In most of these Websites, it is possible to get data in an Excel or CSV format. However, in cases such as the INEC, the CCSS, and the CCP it is necessary to have a basic knowledge of systems such as Redatam, a tool to manage databases and queries.
The foregoing in order to combine databases, cross variables, and build filters that will shape the table with information of interest.
An increased availability of open data would certainly expedite our journalistic function and allow us do more.
However, available open data must be complete, of quality, comprehensive, updated, and of public value and interest in order to be analyzed.
On this last point, it is not about putting anything online and making a graph with the five aspects that an officer found interesting (it happens sometimes).
It is about providing access to relevant databases, such as:
- Commercial patents by type, located by district in each county, legal force.
- Initial and final enrollment in every school in the country by grade, school type, and geographic location.
- Tourist statistics broken down by origin of visitors, type of route of entry.
- Cost of basic food basket by food group.
- Types of offenses by category and location of the event, to name just a few.
About: what are quality and complete data? A database is complete when it contains precise, reliable, and comprehensive data. The information does not eliminate important variables, like the basis for calculating percentages, for example, but it is presented in its purest form.
The quality of this information depends on whether or not it has misspelled words, wrong figures, repetitions, or gaps.
Validating that both principles are met is a critical factor that must be guaranteed before engaging in any type of analysis.
Data release
In the Unit, the sets used to support projects of research, analysis, and visualization of data can be downloaded by those who wish to explore the information on their own.
These databases are available and generally accompany the article explaining the methodology used for analysis. Including an explanation of the method being followed is a fundamental rule of Data Journalism. It is vital that the reader know how the study was conducted, each step followed by the journalist, the exclusions or inclusions of figures, and the criteria applied, among others.
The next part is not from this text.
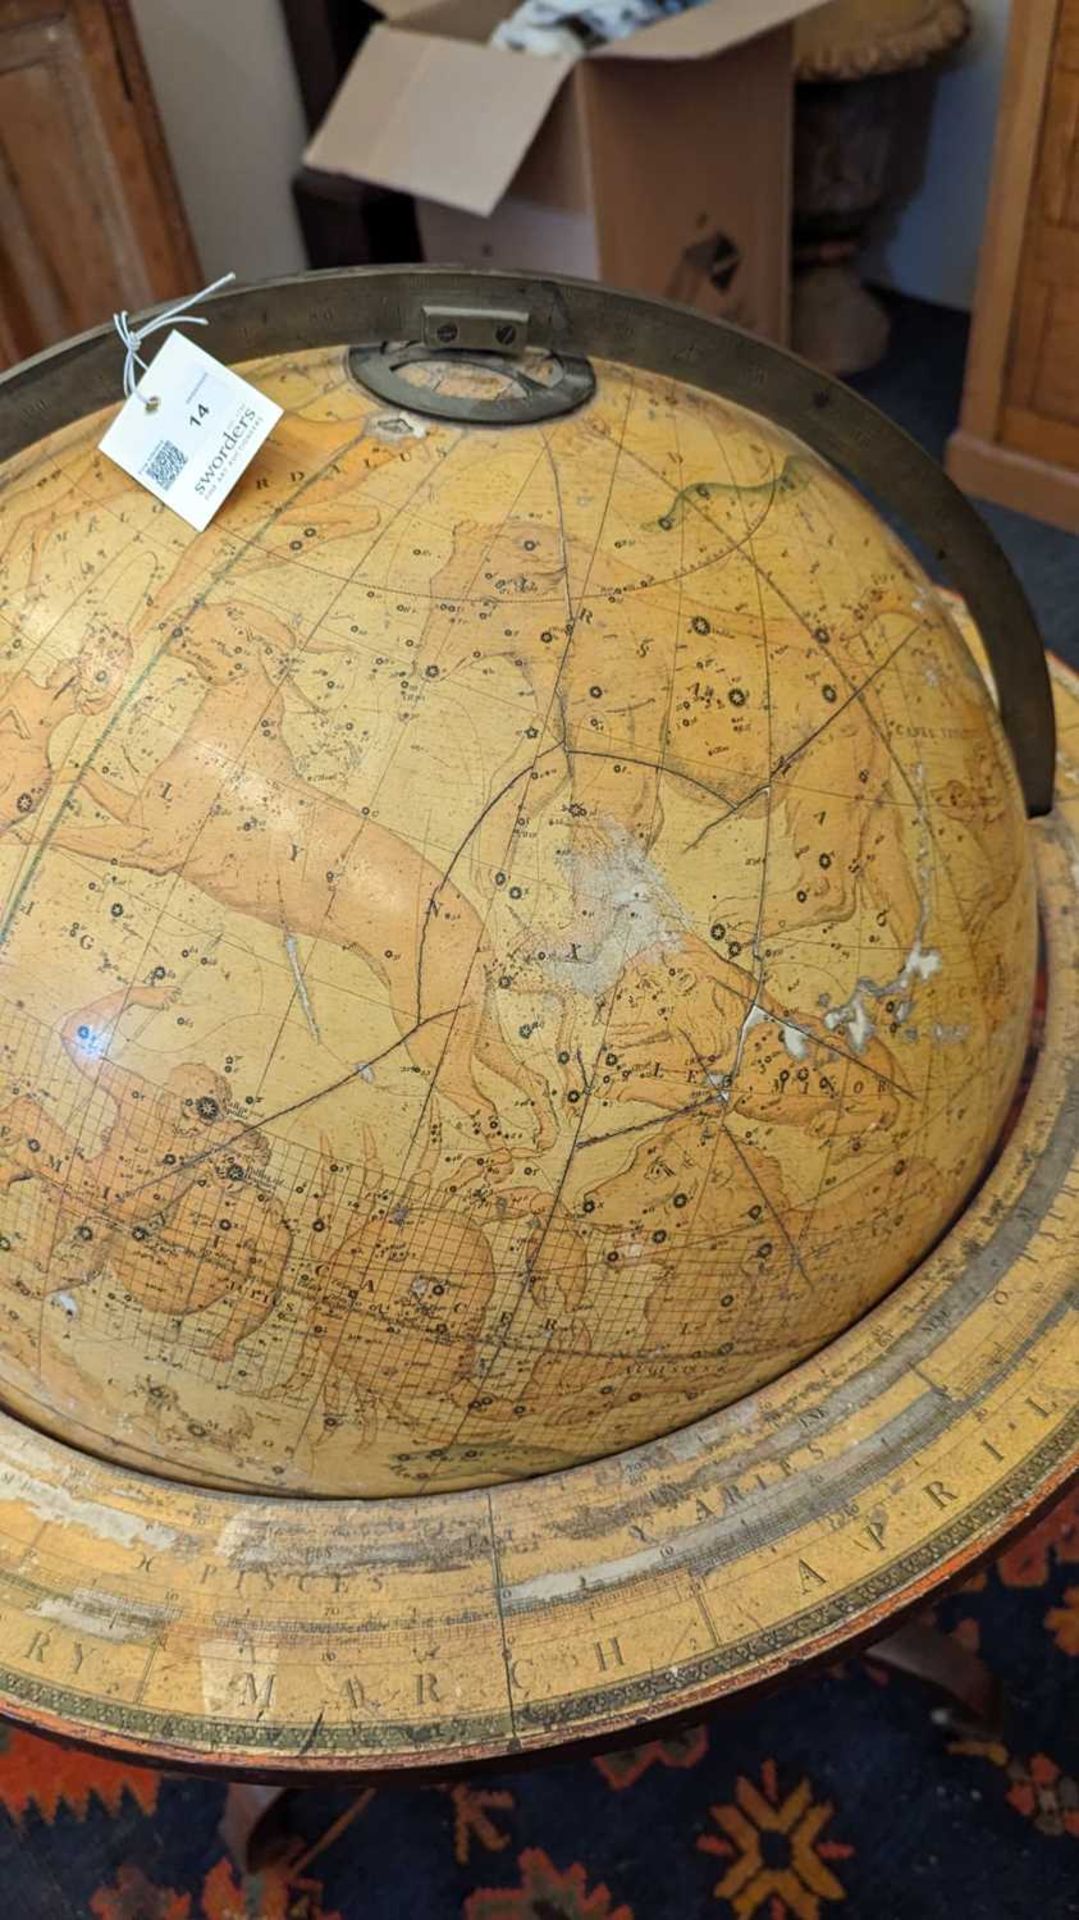 A large celestial library globe by J & W Cary, - Image 17 of 84

To date, the following bases are available:
- Fewer children in the classroom (enrollment in public schools between 2009 and 2014)
- Importation of cars from 2008 to 2014
- Undergraduate programs (graduates info from 2008 to 2010)
- Investigation on the hidden subsidy on gasoline
- High school students’ dropout (data from 643 schools between 2011 and 2013)
- Special on recycling by county
- Popular initiatives (draft laws until 2013) Json
Our intention is to tell the reader the process applied to data, in case they want to replicate it, criticize it, or improve it. Or this, it is vital to have access to the data used in the study.